The Stick To It Award
A piece of driftwood from the shores of the Baltic Sea made the perfect icon to create an award that I gave to Sam Carter of Emily Carr University. After 36 years of teaching, he is retiring and his contributions to education and the creative community are significant.
In short, he has continued to live his life by sticking to it.
Because Sam is also very globally minded, having this wood come from another part of the world also held meaning for me. He has a great love of other cultures and materials so driftwood seemed like a perfect fit. Who knew driftwood could do all of this?

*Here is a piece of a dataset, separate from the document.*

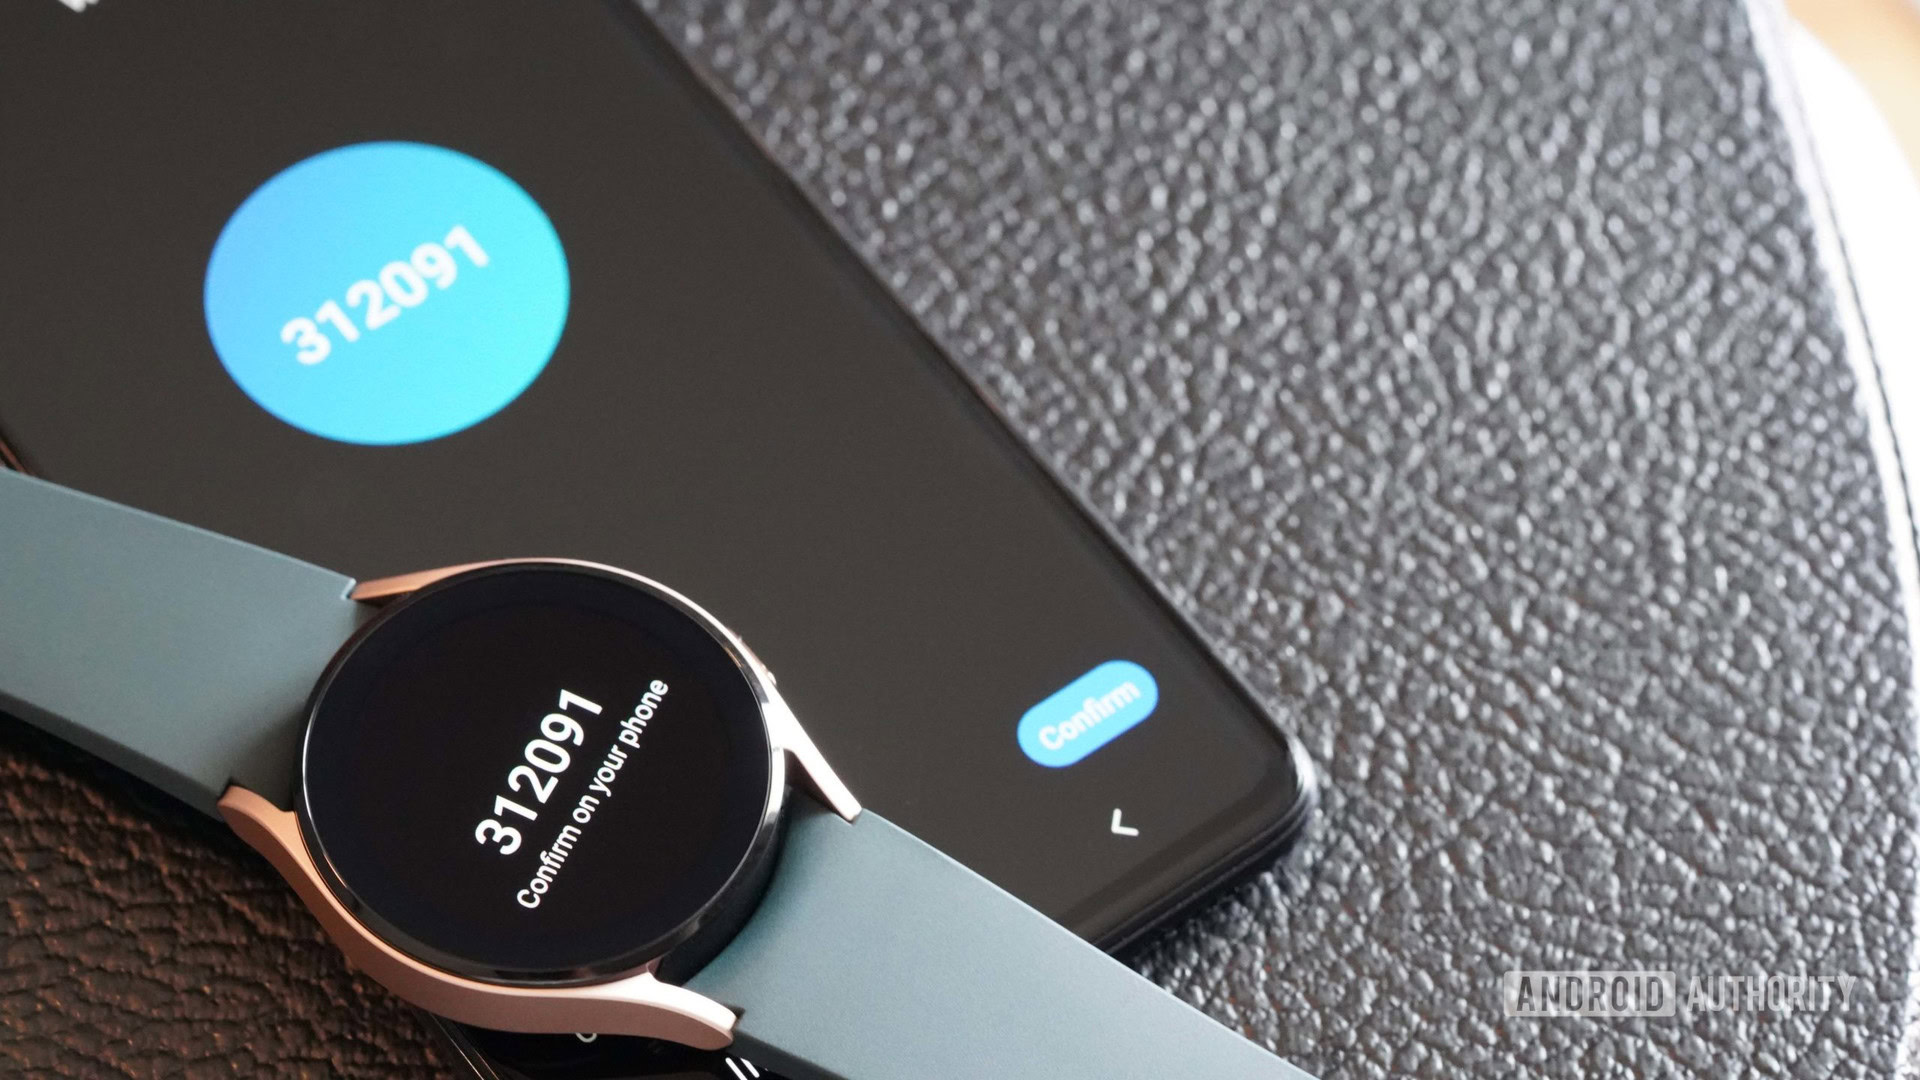 Samsung Galaxy Watch gặp vấn đề? Hãy coi hình ảnh để tìm hiểu về những lỗi thường gặp của chiếc đồng hồ thông minh này và cách khắc phục chúng để trải nghiệm tốt hơn.

[It] provides shelter and food for birds, fish and other aquatic species as it floats in the ocean. Gribbles, shipworms and bacteria decompose the wood and gradually turn it into nutrients that are reintroduced to the food web. Sometimes, the partially decomposed wood washes ashore, where it also shelters birds, plants, and other species. Driftwood can become the foundation for sand dunes."
(Wikipedia)
Douglas Coupland reflected on Sam's influence and shared that he owed him his life.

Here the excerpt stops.